▶ **Task requirements**
Everything from the line containing "Bolder Creative’s take" through the final line below must be output exactly, both ends included, with nothing else and no pictures.

▶ **Dataset section**

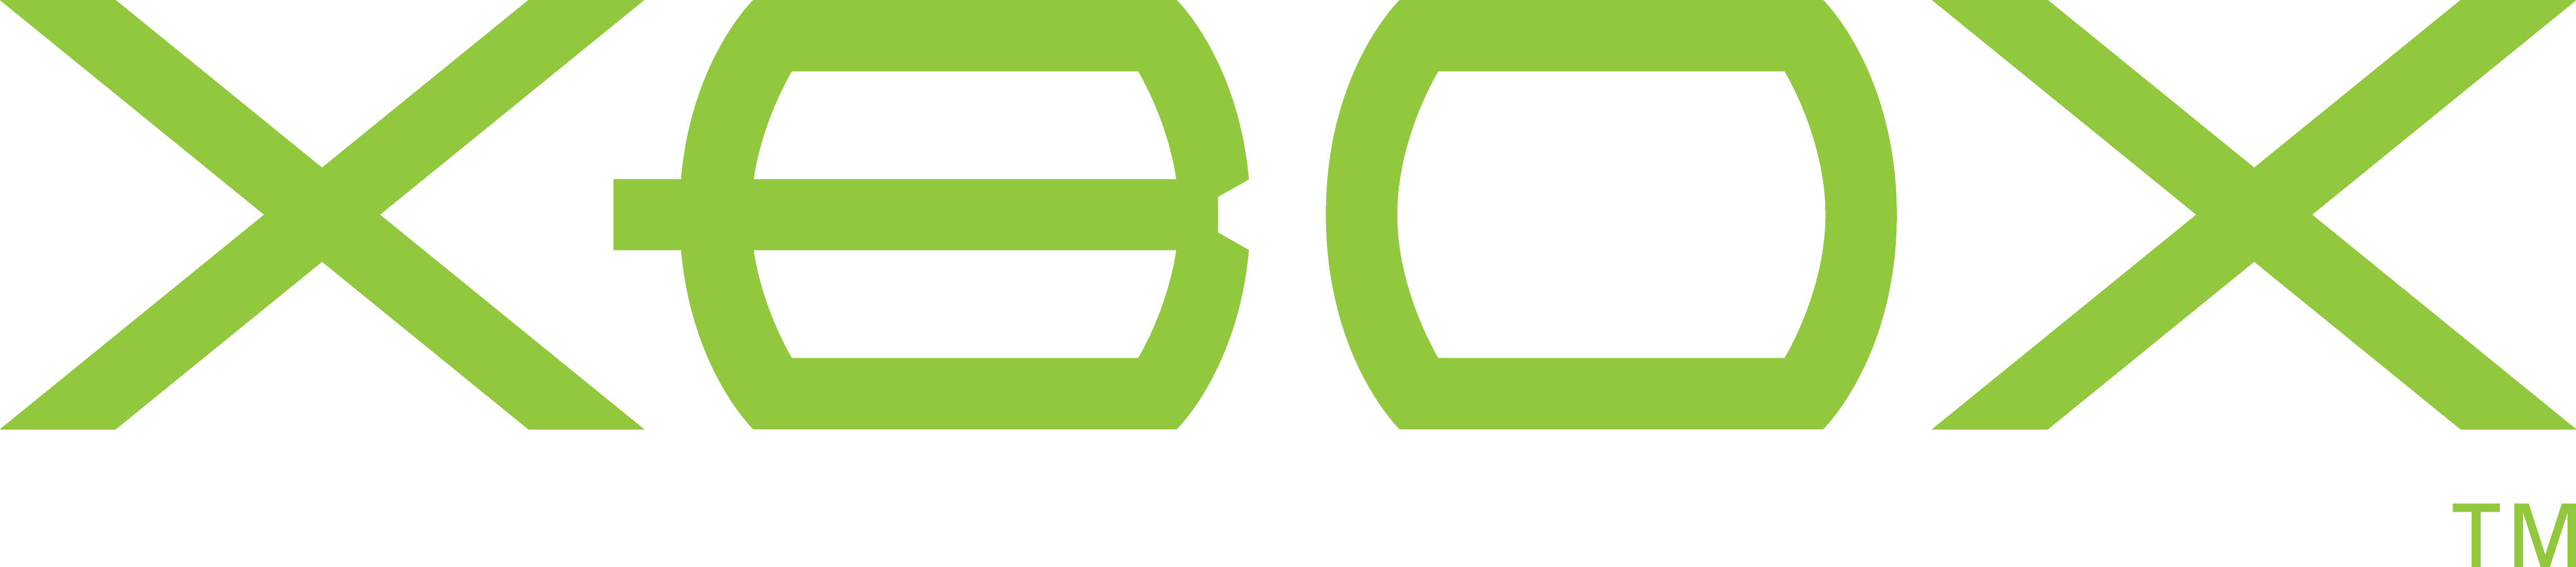 Original Xbox Logo - Original xbox Logos
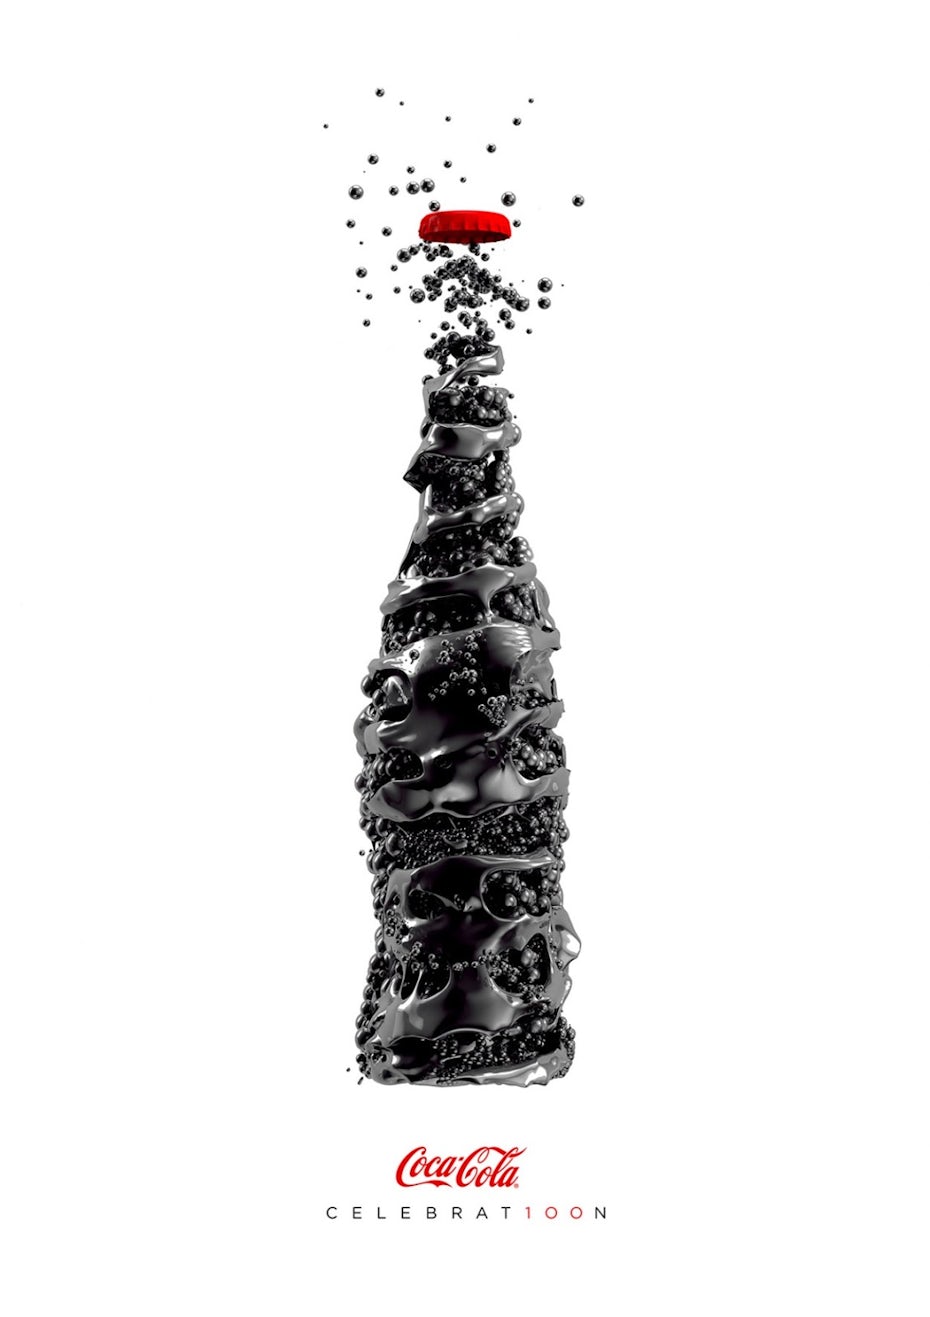 Bolder Creative’s take on the Coca-Cola campaign
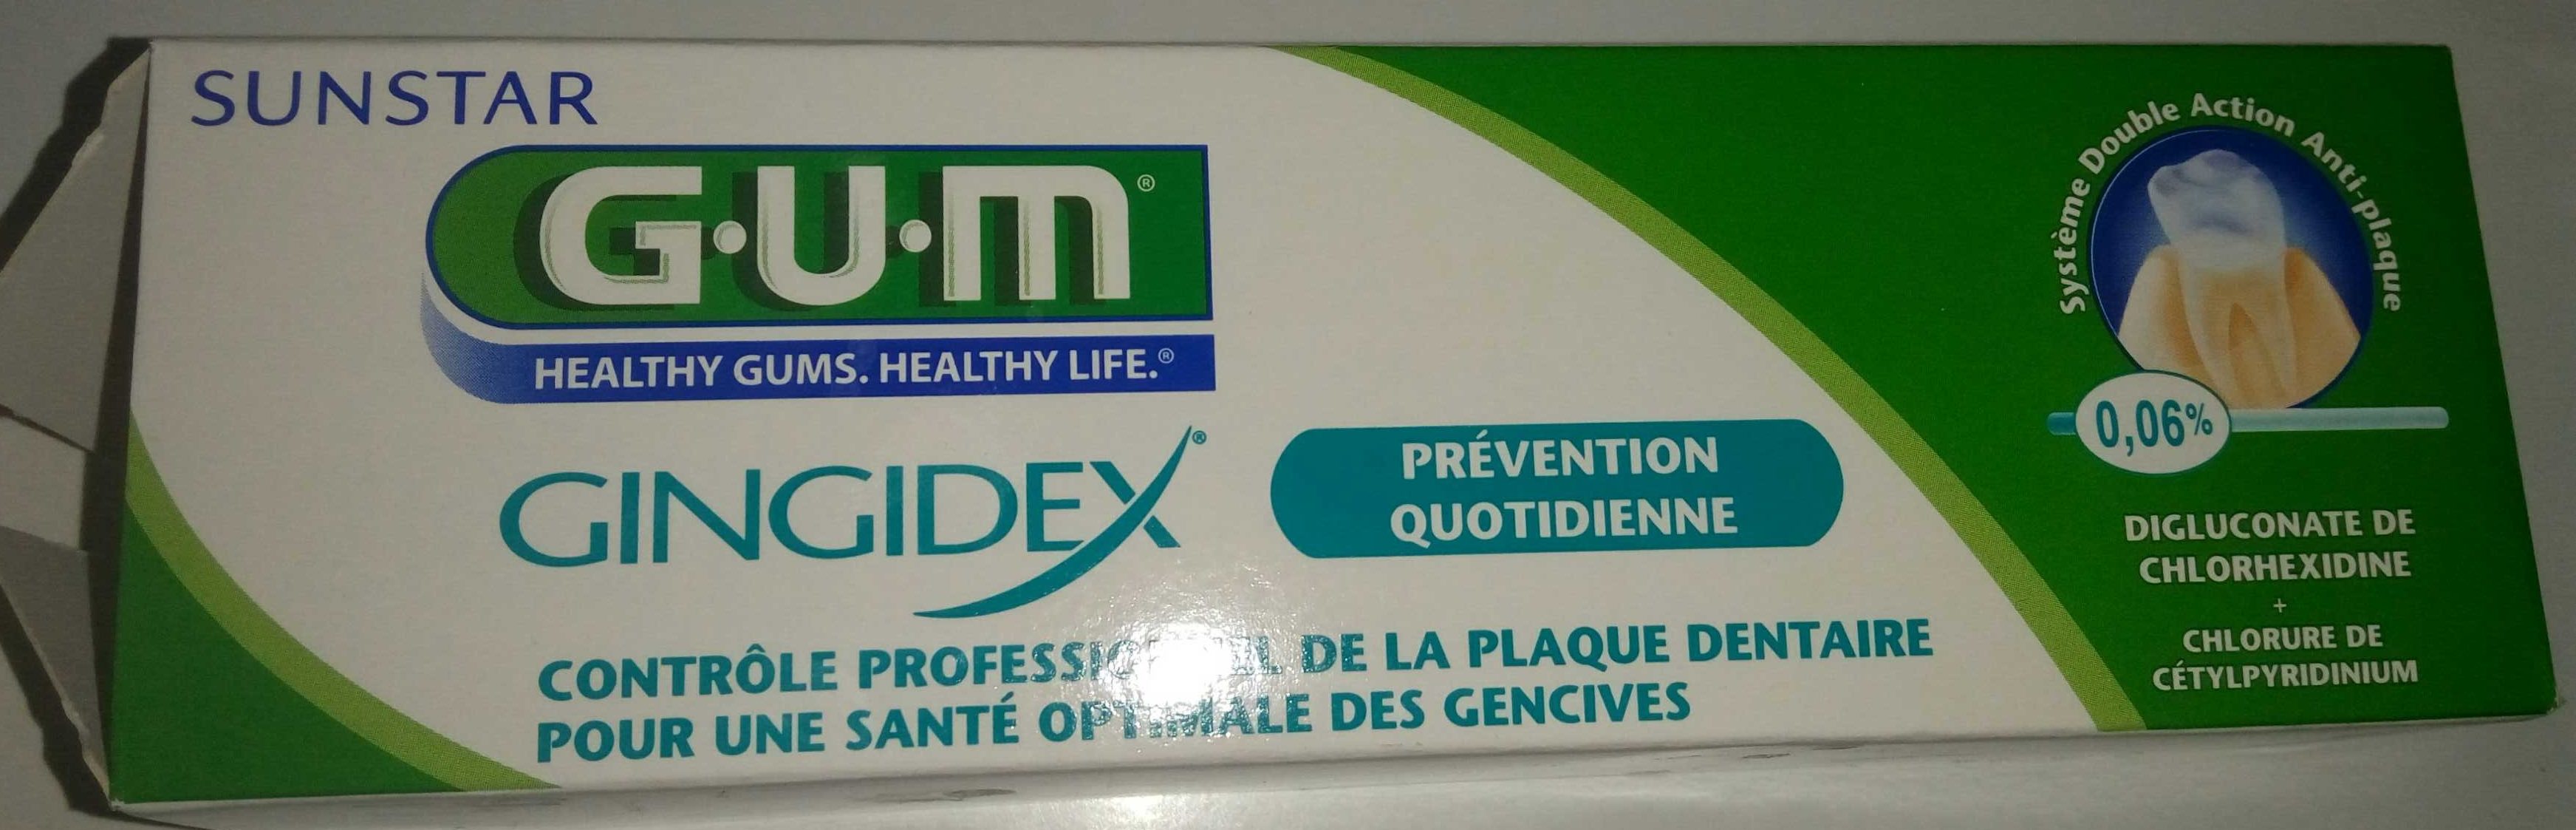 Gum gingidex - Produit - fr
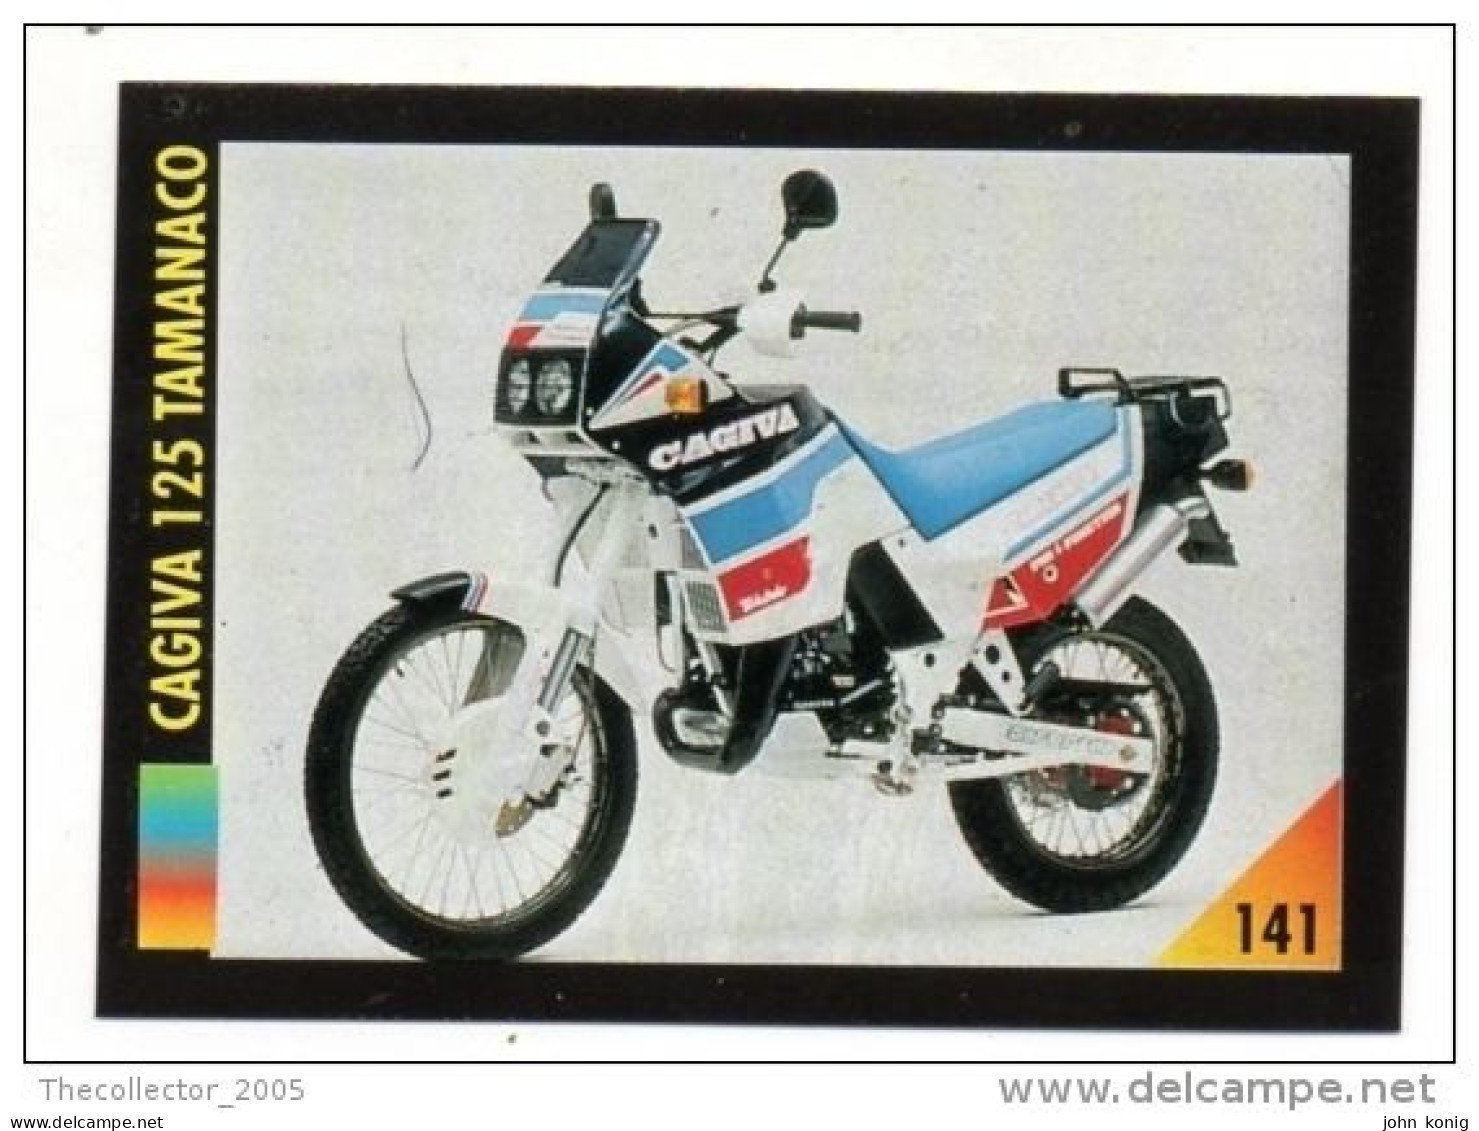 FIGURINA TRADING CARDS - LA MIA MOTO - MY MOTORBIKE - MASTERS EDIZIONI (1993) - CAGIVA 125 TAMANACO - Motores

▶ **Result of this task**
 Bolder Creative’s take on the Coca-Cola campaign
 Gum gingidex - Produit - fr
 FIGURINA TRADING CARDS - LA MIA MOTO - MY MOTORBIKE - MASTERS EDIZIONI (1993) - CAGIVA 125 TAMANACO - Motores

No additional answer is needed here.